Struggling department stores are “wounded animals” approaching the 11th hour of survival and need to make consumers aware of the reasons why then need to patronise them, retail analysts say.
“If the chains, of Myer and David Jones, cannot explain the reason why we as consumers need them, then they will perish,” says Jordan Sim, director of product management at BigCommerce.
“They are wounded animals and their desperation to survive is evident among other retailers and consumers,” he said. BigCommerce, is a back-end technology platform that handles sales for fast-growing and established brands. It collects and analyses data from its users on retailing trends.
Mr Sim’s bleak outlook was reinforced by news during the week that Barneys, a nearly century-old icon of New York retail, has filed for Chapter 11 bankruptcy and put itself up for sale.
Barneys New York filing makes the luxury department store the latest victim of a retail upheaval that has seen shoppers flock online and buy from brands directly.
Closer to home, David Jones’ South African-based parent, Woolworths, recently took the knife to the Australian upmarket department store chain with an impairment charge of $437.4 million for the 2019 financial year.
The write-down reduces David Jones’ value on WHL’s books to about $985 million.
A company spokesman said the write-down reflected “sustained and unprecedented” economic pressures.
Overseas retailers are sneezing and Australia has caught the retail cold.
“The retail sector in Australia is currently in recession and the Australian economy has slowed to its weakest level since the global financial crisis in 2009,” Mr Sim said.
David Jones’ write down and Barneys’ failure in America were concrete evidence that the department store sector was “running out of time”.
“The current economic environment is such that the likes of David Jones and Myer really need to evolve with new services otherwise it will threaten their survival,” Mr Sim said.
“Its obvious they have been resting on their bricks and mortar laurels for too long and have not been nimble enough to react to the changing consumer sentiment and the arrival of the internet.”
One way to help address the slump was to re-engineer their business by way of new strategic partnerships with suppliers instead of being just a distribution centre for brands.
They were also undertaking store rationalisation by making them smaller or closing some down when the leases expire.
Analysts at investment bank UBS looked at which of Myer’s 58 leases expire by 2025 and have concluded about15 stores will expire up to 2025. Myer can potentially hand-back about 16 floors, equal to about 90,000 square metres, or 10 per cent of their total gross lettable area over the next three to four years, they say.

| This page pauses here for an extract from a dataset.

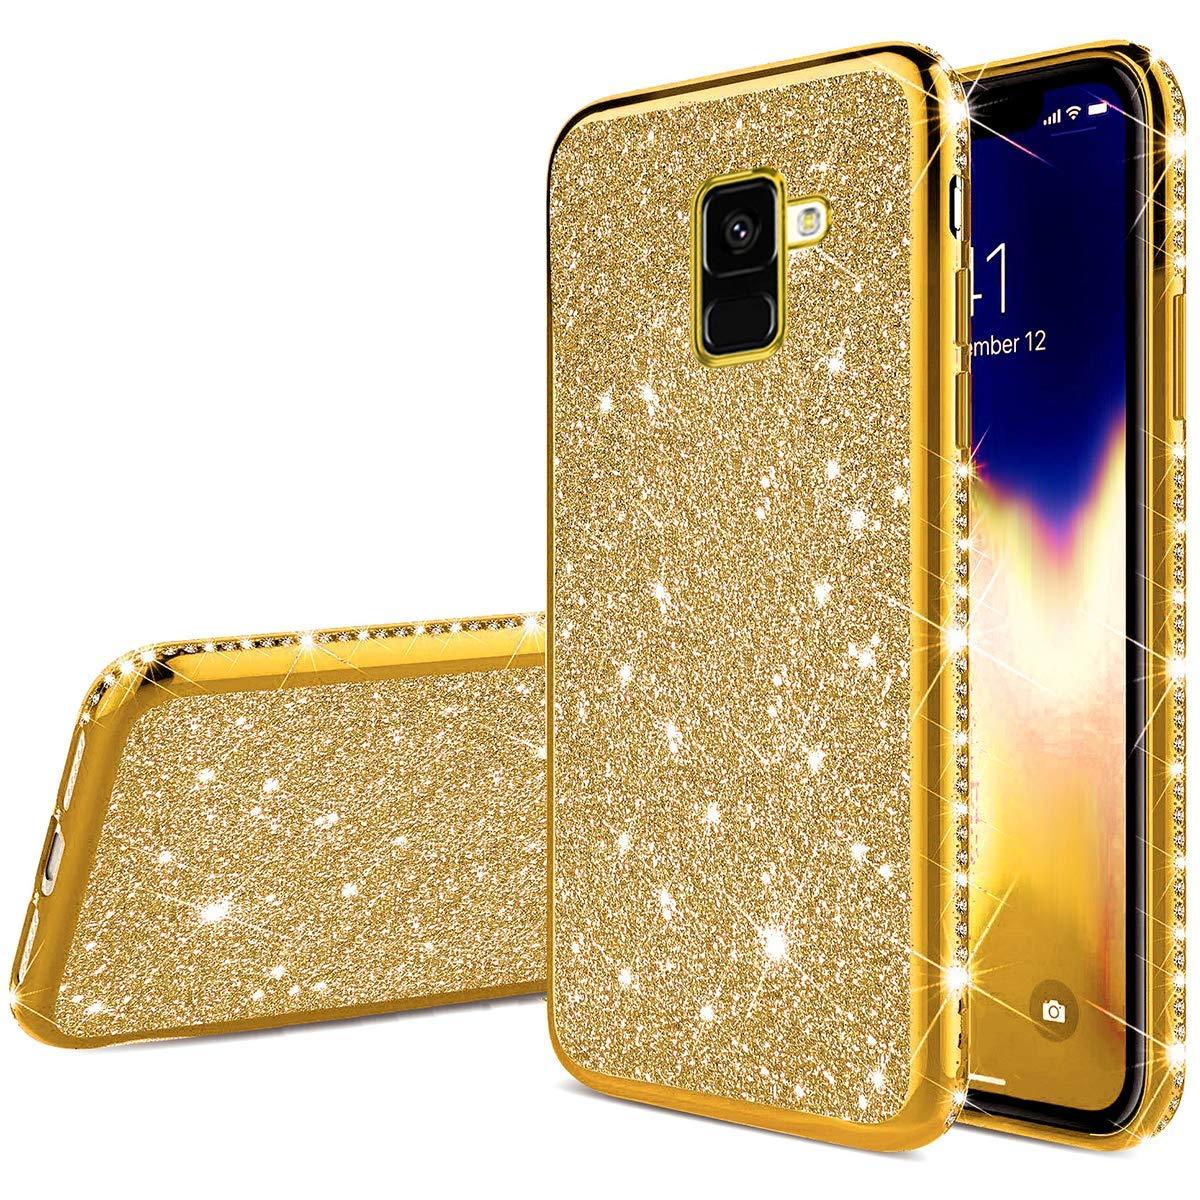 Herbests Kompatibel mit Samsung Galaxy A8 Plus 2018 H/ülle Bling /Überzug Gl/änzend Strass Diamant Handyh/ülle Silikon H/ülle Case Durchsichtig Schutzh/ülle Transparent TPU Ultrad/ünn Handytasche,Rose Gold

“In the majority of cases we expect the landlord to be able to backfill the space to improve foot traffic, sales productivity and ultimately income over time, despite short term loss of rent during remixing/fit out,” the analysts said.
David Jones has made a step in this direction by opening the Sephora store next to its Bourke Street Mall property.
The group said at the time the Sephora concept promises to complement David Jones’ existing premium beauty assortment with an outstanding list of new and exclusive brands.
“But is it all too little too late?” Mr Sim said.
“Part of the survival strategy for the chains is that they need operational efficiency and to keep relevance as a brand and that also means having a good relationship with their suppliers.”
“Otherwise all they are doing is emptying out the rowboat with a bucket.”
Or to use a boxing analogy, department stores need to get in a few good jabs with the competition and then try and land a body blow.
“I feel like Myer and David Jones are trying to accelerate growth but only getting so far,” Mr Sim said.